Alongside battery drive, sustainable hydrogen is considered the major enabler when it comes to reducing carbon dioxide emissions from road traffic and other transport. Vattenfall is already working on several fuel projects with sustainable hydrogen as an important ingredient. But the possibilities are many – below we set out the most important ones.
The world's transport consumes almost 10 billion litres of oil per day. In a year this results in roughly 7 billion tonnes of carbon dioxide emissions. Petrol and other oil-based fuels must be replaced by something better to reduce the impact on our climate, and it needs to happen soon. Using batteries works well for passenger cars and shorter road transport, in many other cases, hydrogen-based fuels are more suitable, and the solutions are already there.
“Hydrogen is a good alternative when direct electrification is difficult, for example where excessively large and heavy batteries are required. Hydrogen can be used either directly as a fuel or to produce other fossil-free fuels”, says Mikael Nordlander, director Industry Decarbonisation at Vattenfall. He has for several years worked on developing the use of hydrogen, above all to drive climate change in industry processes. A project that has received a great deal of attention is HYBRIT in northern Sweden set up to produce fossil-free steel.
Offshore wind becomes sustainable aviation fuel
Currently, sustainable fuel production takes up most of Mikael Nordlander’s time. On the Swedish west coast, two fuel companies, St1 and Preem, plan to start the manufacturing of sustainable so-called electrofuels using hydrogen from offshore wind power and non-fossil carbon dioxide captured from emissions from the forest industry or similar.
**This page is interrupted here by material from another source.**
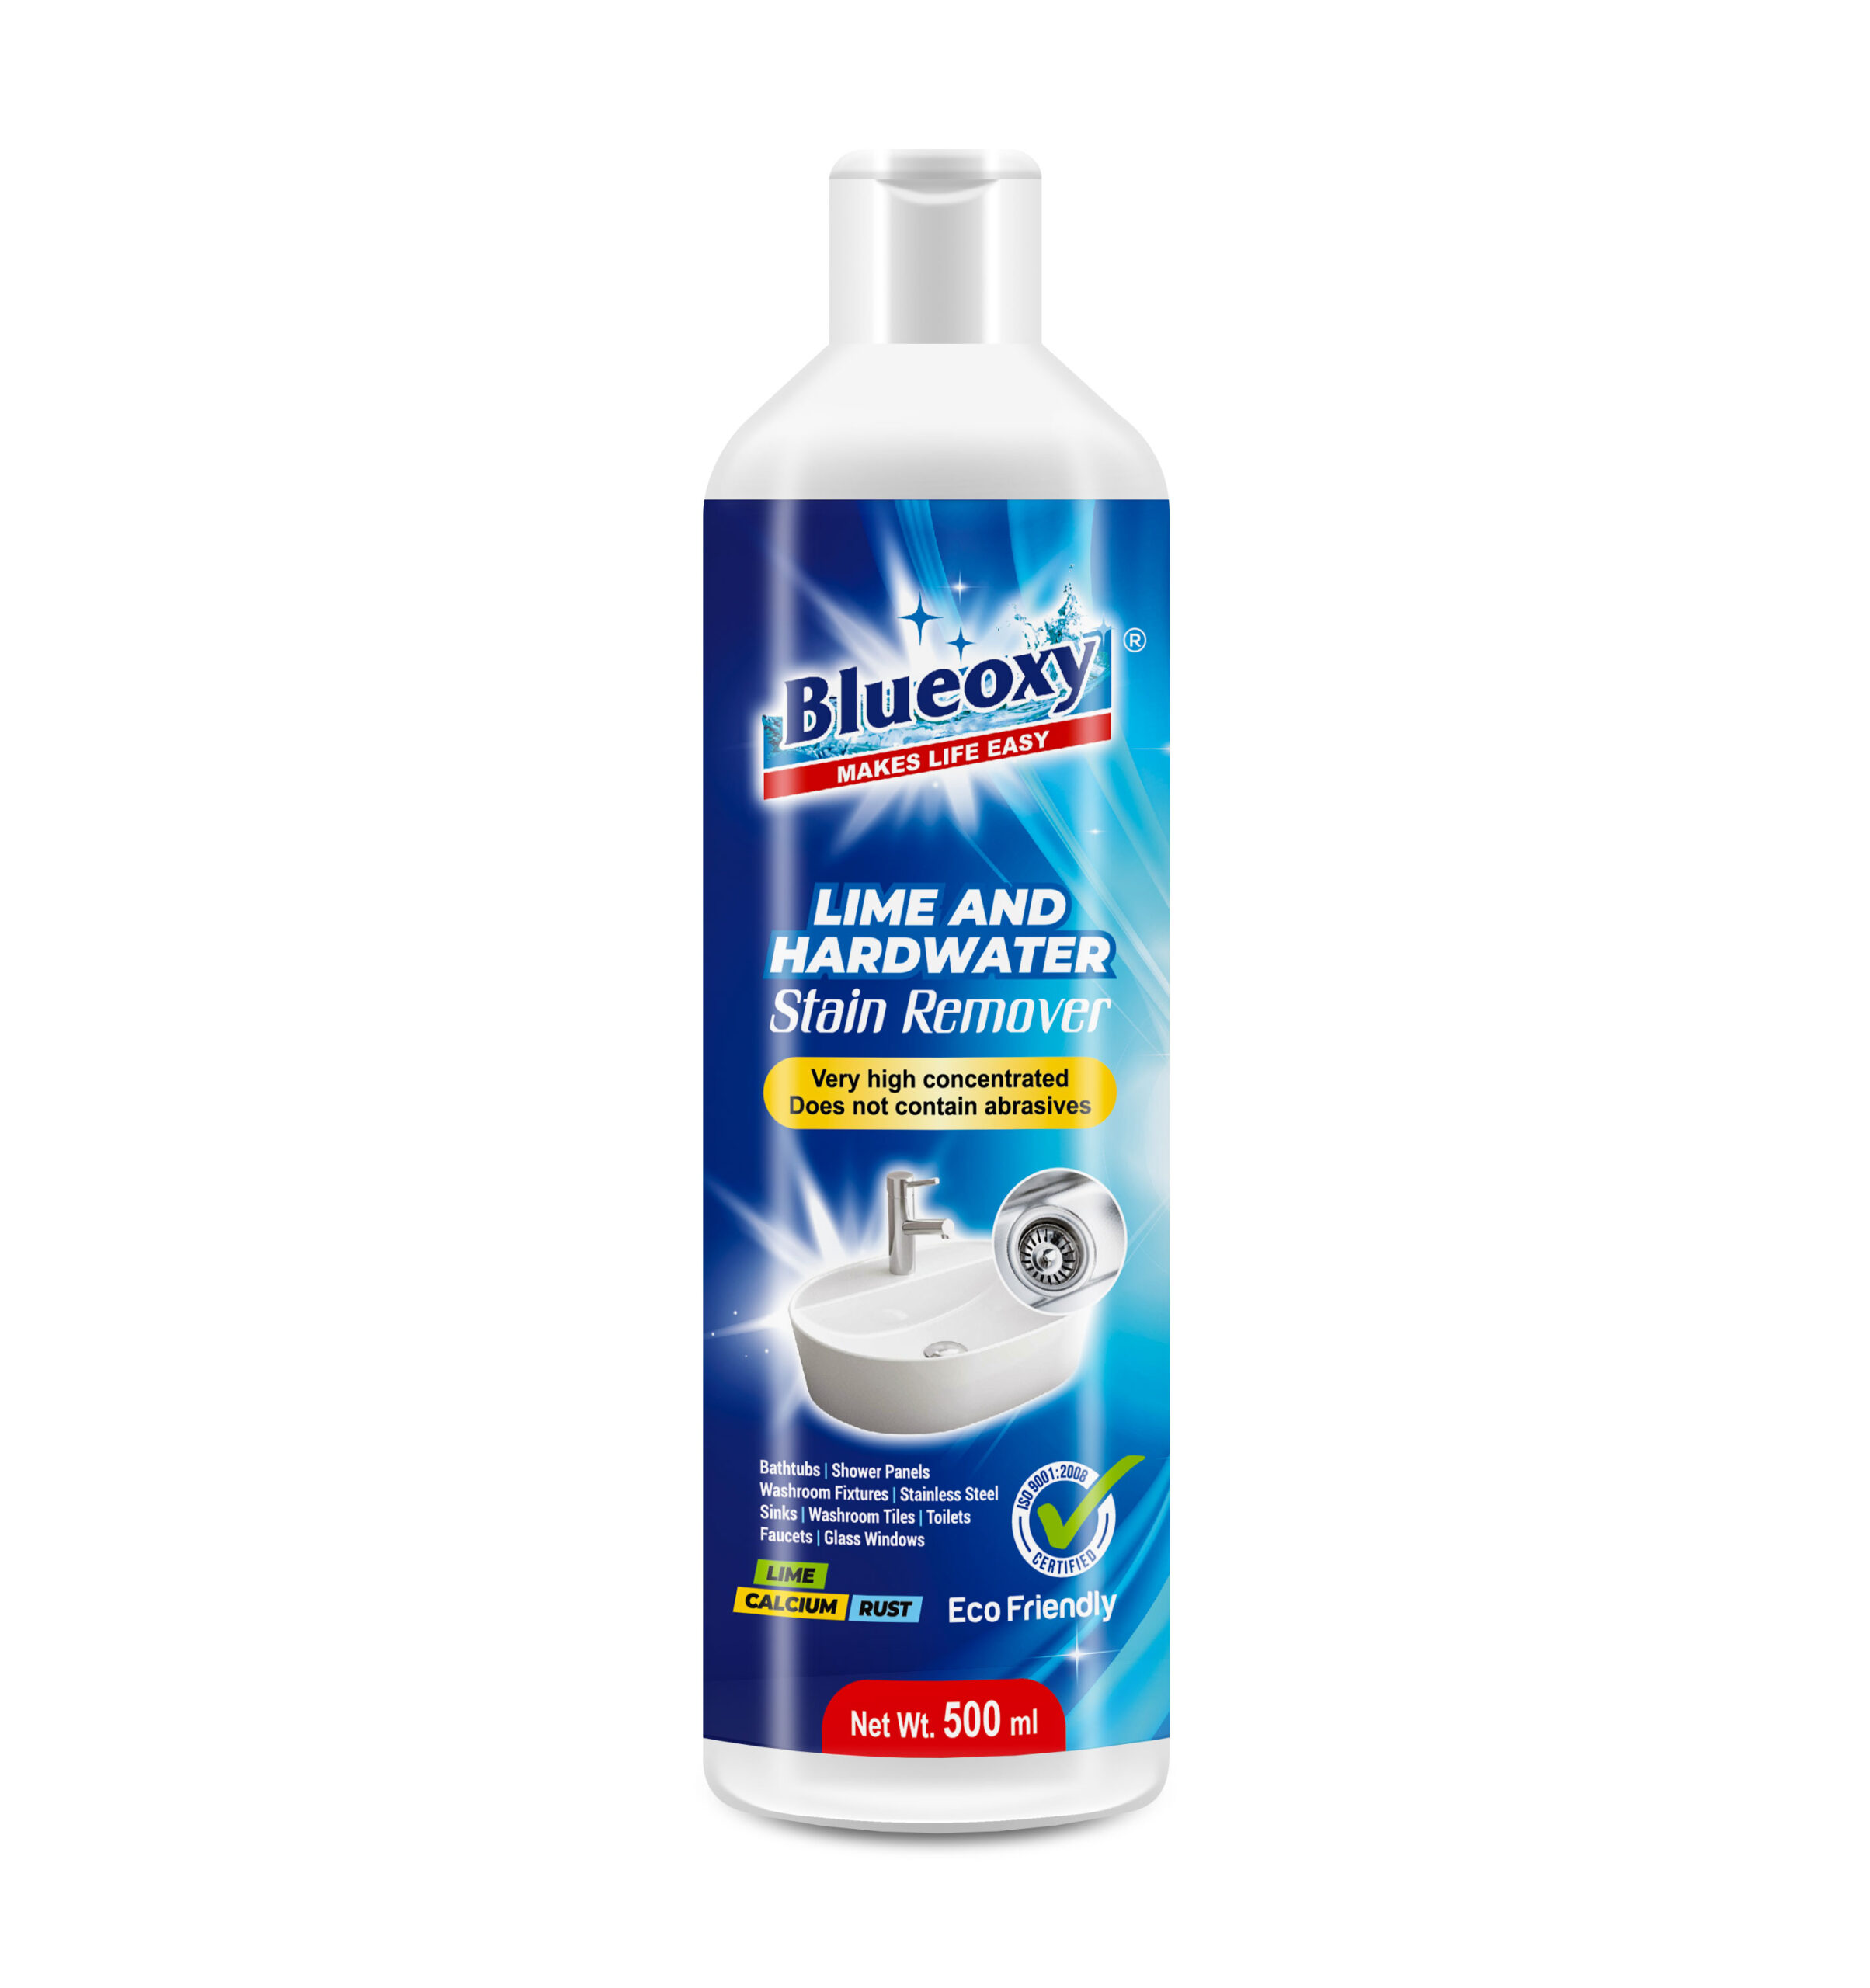 Blueoxy Lime & Hardwater Stain Remover 500 ml – Concentrate: Your

The plans are for a total annual production of more than one million cubic meters of electrofuel, mainly to the aviation industry where the requirements for the mixing of sustainable fuel every year will get stricter. HySkies is another project for sustainable aviation fuel that Vattenfall is running together with Shell and SAS, among others.
Most obvious trend
But there are many ways hydrogen can power vehicles. For example, it can be used directly as fuel in an engine, or to produce electricity in a fuel cell. The question is which technology will in the future be dominant within the various transport sectors?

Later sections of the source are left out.